Physics-Based Generative Adversarial Models for Image Restoration and Beyond
This addresses image quality issues in low-level vision tasks for applications like photography and computer vision, but it is incremental as it builds on existing GAN methods.
The authors tackled ill-posed image restoration problems like deblurring and dehazing by proposing a physics model constrained learning algorithm within a GAN framework, which performs favorably against state-of-the-art methods in experiments.

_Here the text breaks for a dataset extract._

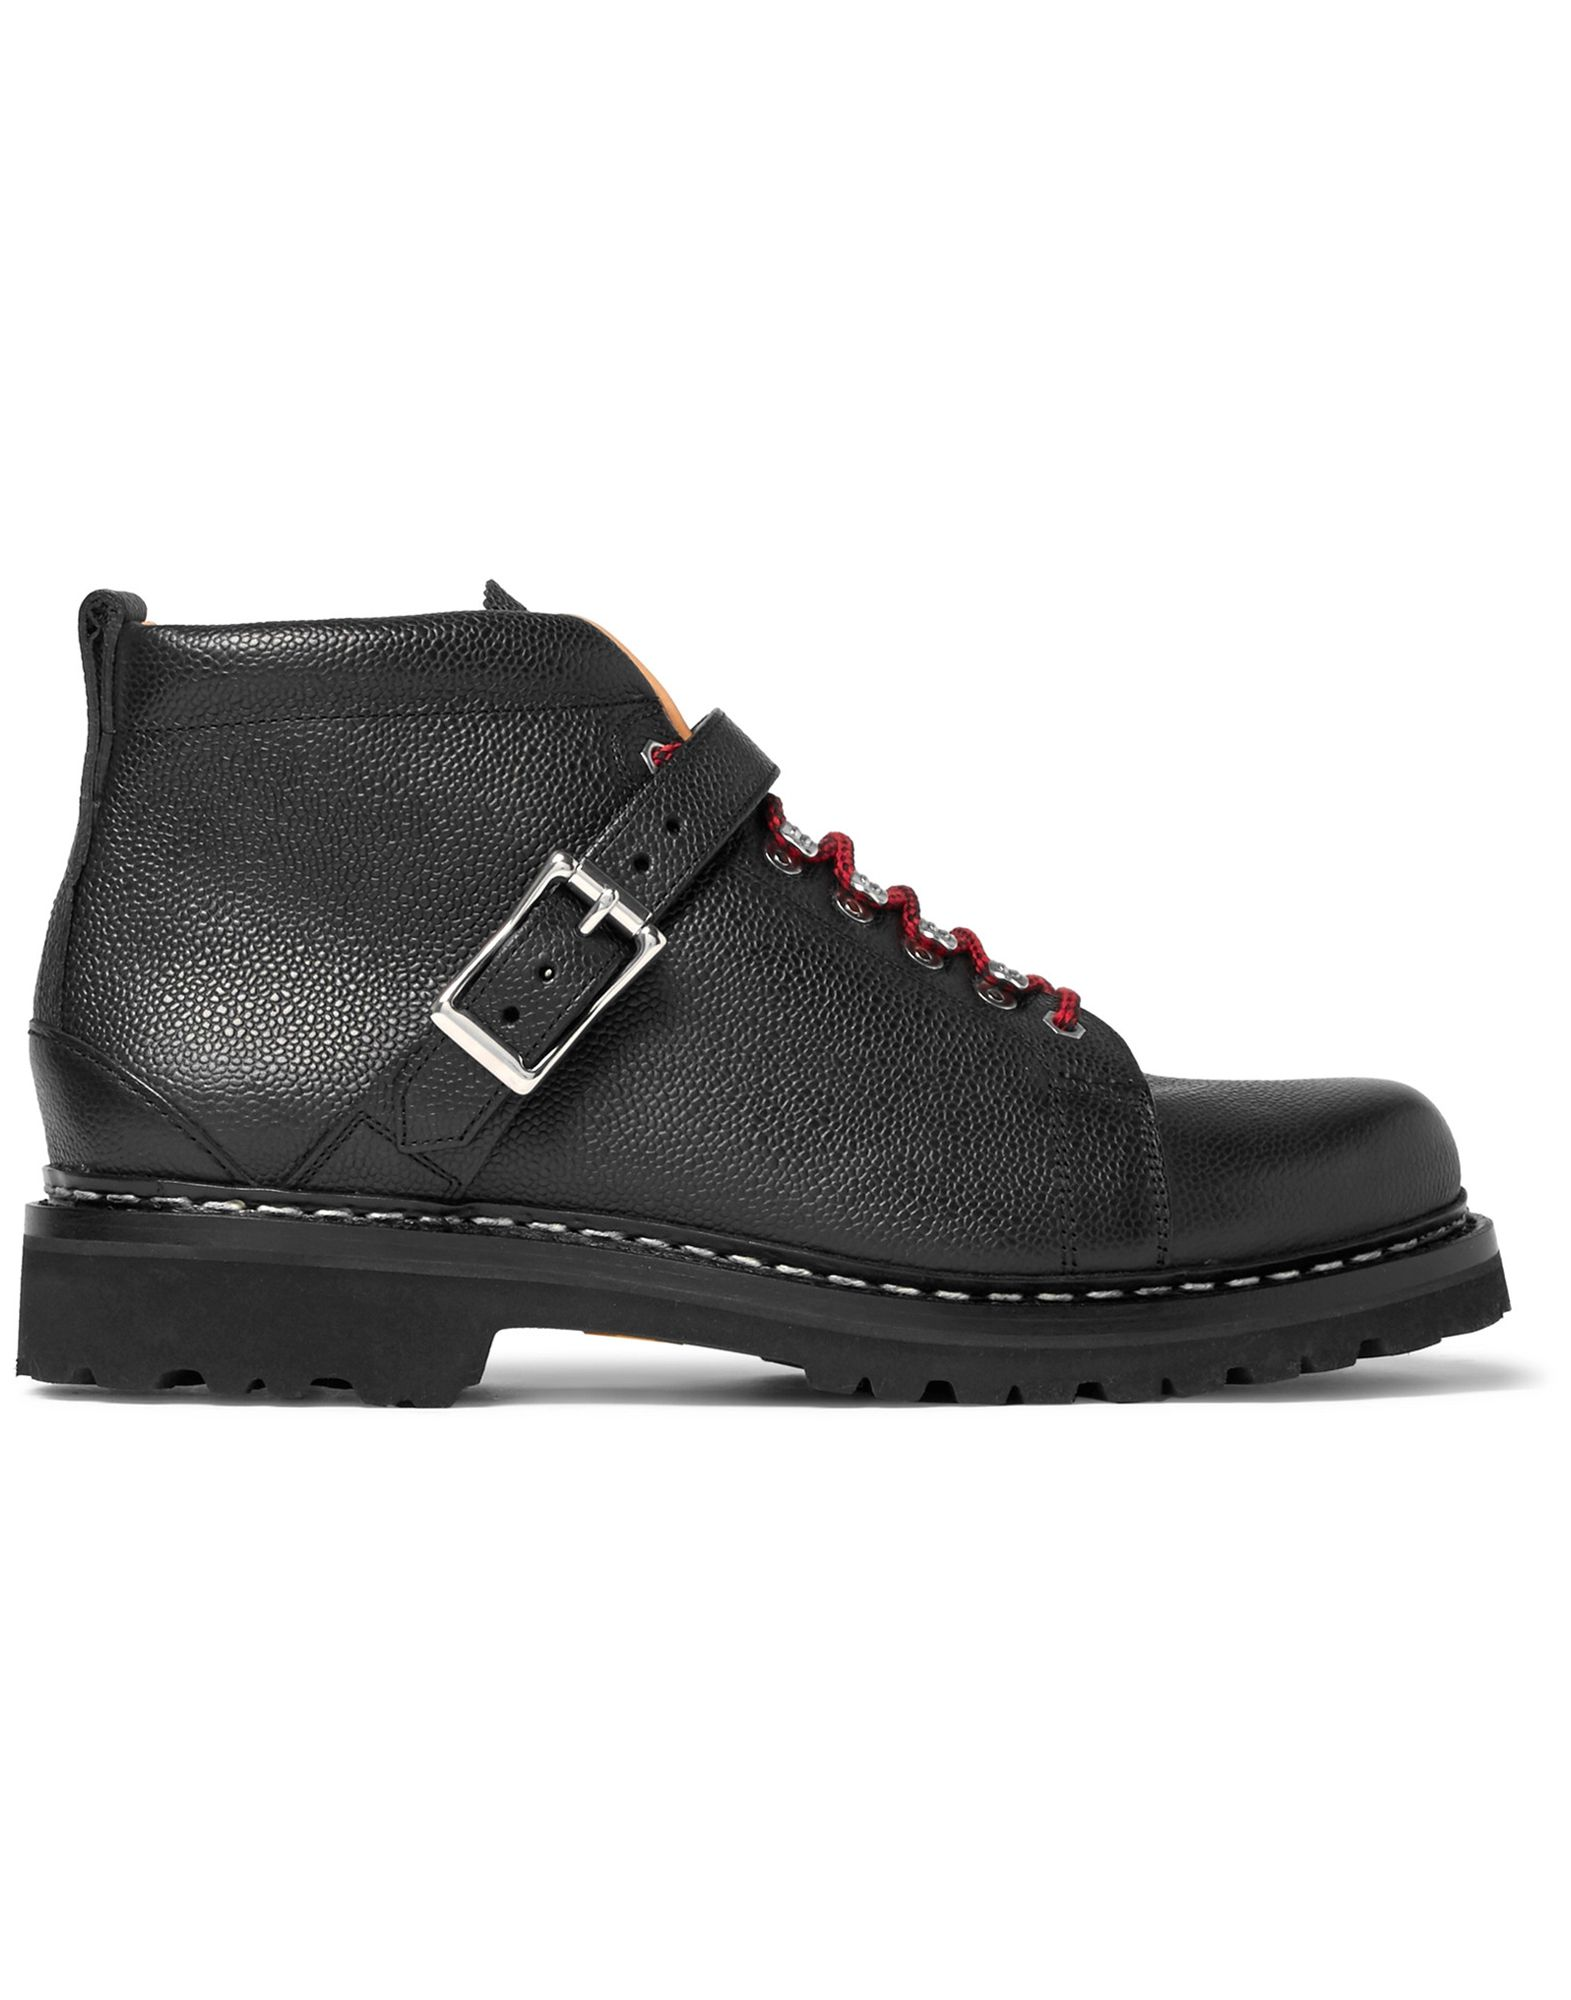 Ateliers Heschung Stiefelette Herren  11540444GI Gute Qualität beliebte Schuhe

We present an algorithm to directly solve numerous image restoration problems (e.g., image deblurring, image dehazing, image deraining, etc.). These problems are highly ill-posed, and the common assumptions for existing methods are usually based on heuristic image priors. In this paper, we find that these problems can be solved by generative models with adversarial learning. However, the basic formulation of generative adversarial networks (GANs) does not generate realistic images, and some structures of the estimated images are usually not preserved well. Motivated by an interesting observation that the estimated results should be consistent with the observed inputs under the physics models, we propose a physics model constrained learning algorithm so that it can guide the estimation of the specific task in the conventional GAN framework. The proposed algorithm is trained in an end-to-end fashion and can be applied to a variety of image restoration and related low-level vision problems. Extensive experiments demonstrate that our method performs favorably against the state-of-the-art algorithms.